Friday, June 24, 2022

Somewhere in the Multiverse : The Sena that could have been


The famous Hindi proverb Yun hota toh kya hota is the flavor of the season, with Marvel exploring the concept of Multiverse in its recent edition of movies and series. It takes us into the world of alternate realities, some hopeful, some damned. Shiv Sena, the party of the Marathi Manoos seems to be living in the latter.

Having spent majority of my life in Maharashtra, I reckon that Shiv Sena was the factor due to which the state got and maintained its identity over the years. The power to tame a beast like Mumbai was only in this party and all credits to the fiery leader at the helm who nurtured the city like the Khaleesi groomed her dragons. The fate of Maharashtra (including Mumbai) would have been different, had he not been there. His efforts towards the building and the flourishing of the state were an ode to the deity that his party is named after.

While there were many defining moments in the history of Shiv Sena, the one that altered the course of history was when Balasaheb, the hero of many Maharashtrians, turned a blind eye towards the calibre of many capable sainiks including his nephew and passed on the baton to his naive, inexperienced son, thus doing a Dhritarashtra in literal sense. Uddhav proved out to be the blunt head of the otherwise sharp Sena-spear. But he can hardly be blamed. His inherent nature is misaligned with the aura created around the Sena by its founder. He was set up for a failure by his father by choosing him to lead the Sena after him. What followed was a catastrophe.

After the demise of Late Balasaheb, the sainiks were constantly searching for Balasaheb in Uddhav, only to be disappointed. The faction that rallied behind Raj and the faction that was left, both wanted the two to unite in the interest of Maharashtra, but it was fruitless. The next few years saw Sena loosing its hold on many constituencies across Maharashtra, which was largely due to the lack of appeal that Uddhav had as a leader.
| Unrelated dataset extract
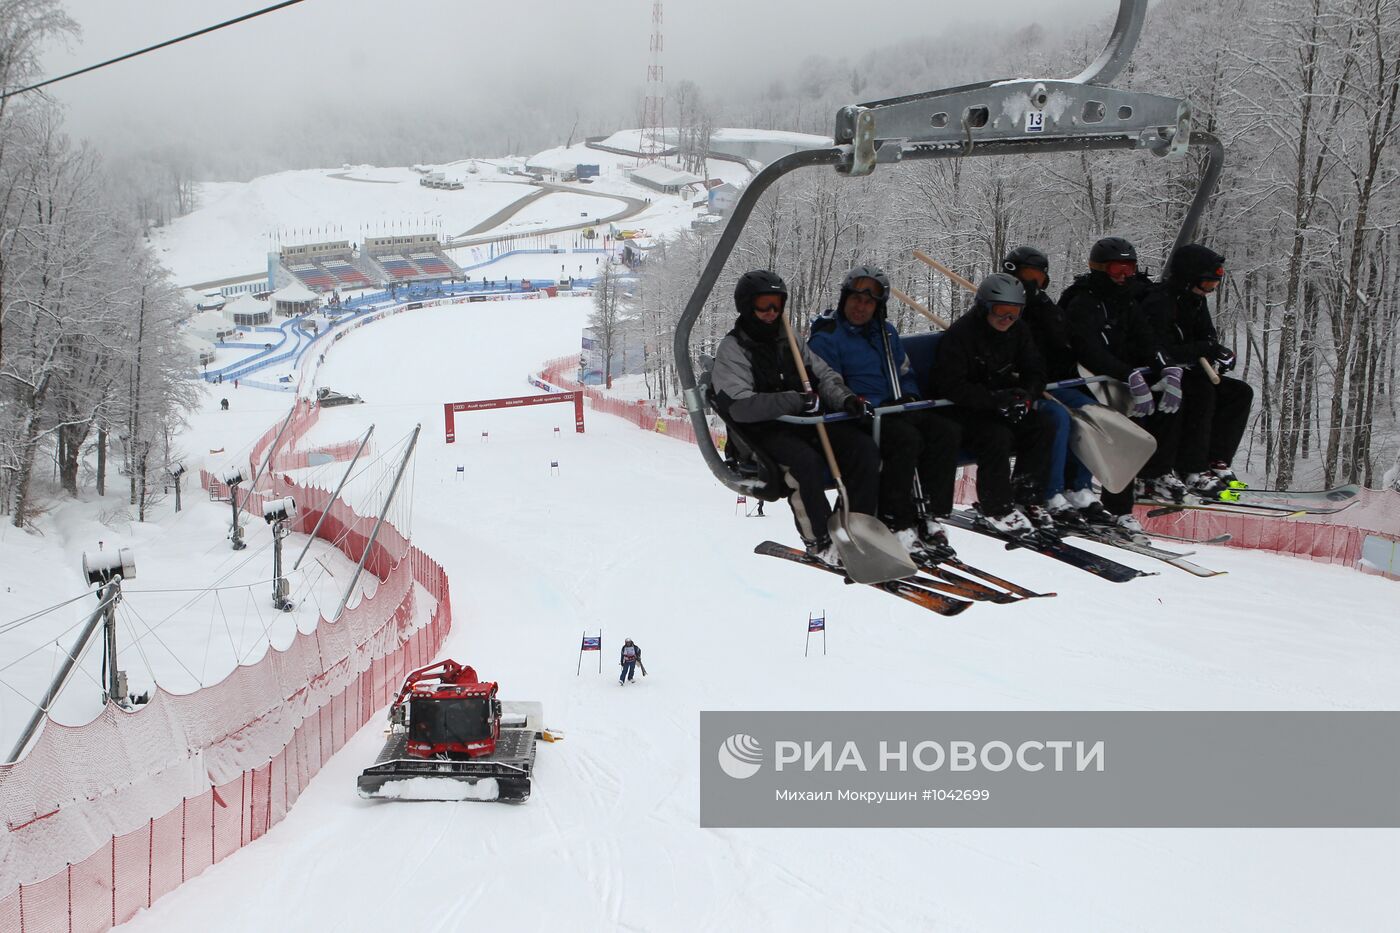 Отмена соревнований этапа Кубка мира 2012 по горнолыжному спорту

This culminated into the party winning lesser seats in each iteration of the assembly elections, which eventually led to its coalition party taking up the role of the big brother in their alliance. Unfortunately, the defeats were wrongly attributed by them to their coalition and the greed of power led them at the doors of the 'king' of opportunism of the Indian politics. Mollycoddling them with the much desired CM post and projecting the old association that the 'king' had with Balasaheb, the Sena was trapped in a web woven by the master politician, unaware that it will never be able to come out of it intact. 

Blinded by the ambition, the new Sena chief compromised the party's ideology and forged an unnatural alliance with those that the Sena once stood against for the entire of its existence. In the background, their erstwhile partner was also ready to forge a similar unnatural alliance with the same party through a pawn sent by the 'king' in the wee hours of an October morning. So, no moral high ground for any of them. The next wrong foot was the projection of the 3rd generation Thackeray as the promised prince by awarding him ministries despite not being an elected member. (Even the CM is not an elected member). The Sena thus followed the path that they objected to all these years - Nepotism. In the meantime, the 'king' continued to hollow the Sena strategically, sitting at the fence with a mission to root the party out of its existence. The recent rebellion by the sainiks is a narrative in itself of how the chief ignored them while being mesmerised by the king's mystic show.

The way this is headed, the only way out for Uddhav is to surrender to the 'king' and join NCP after respectfully handing over the Sena to the new leaders. And despite that, neither the Sena, nor NCP will come back to power. Congress is not even in the race. It will be the BJP that will gain the maximum mileage out of this situation and continue its juggernaut of toppling governments. AAP is still too far from Maharashtra politics. The closest possibility of a challenge to BJP in the state is a faction in itself breaking out and contesting.

As for the Sena, I hope for a parallel universe where it has avoided all these glaring blunders and has been able to stick to the basics of its origin and true to its cause. I guess we will never know if there is such a universe.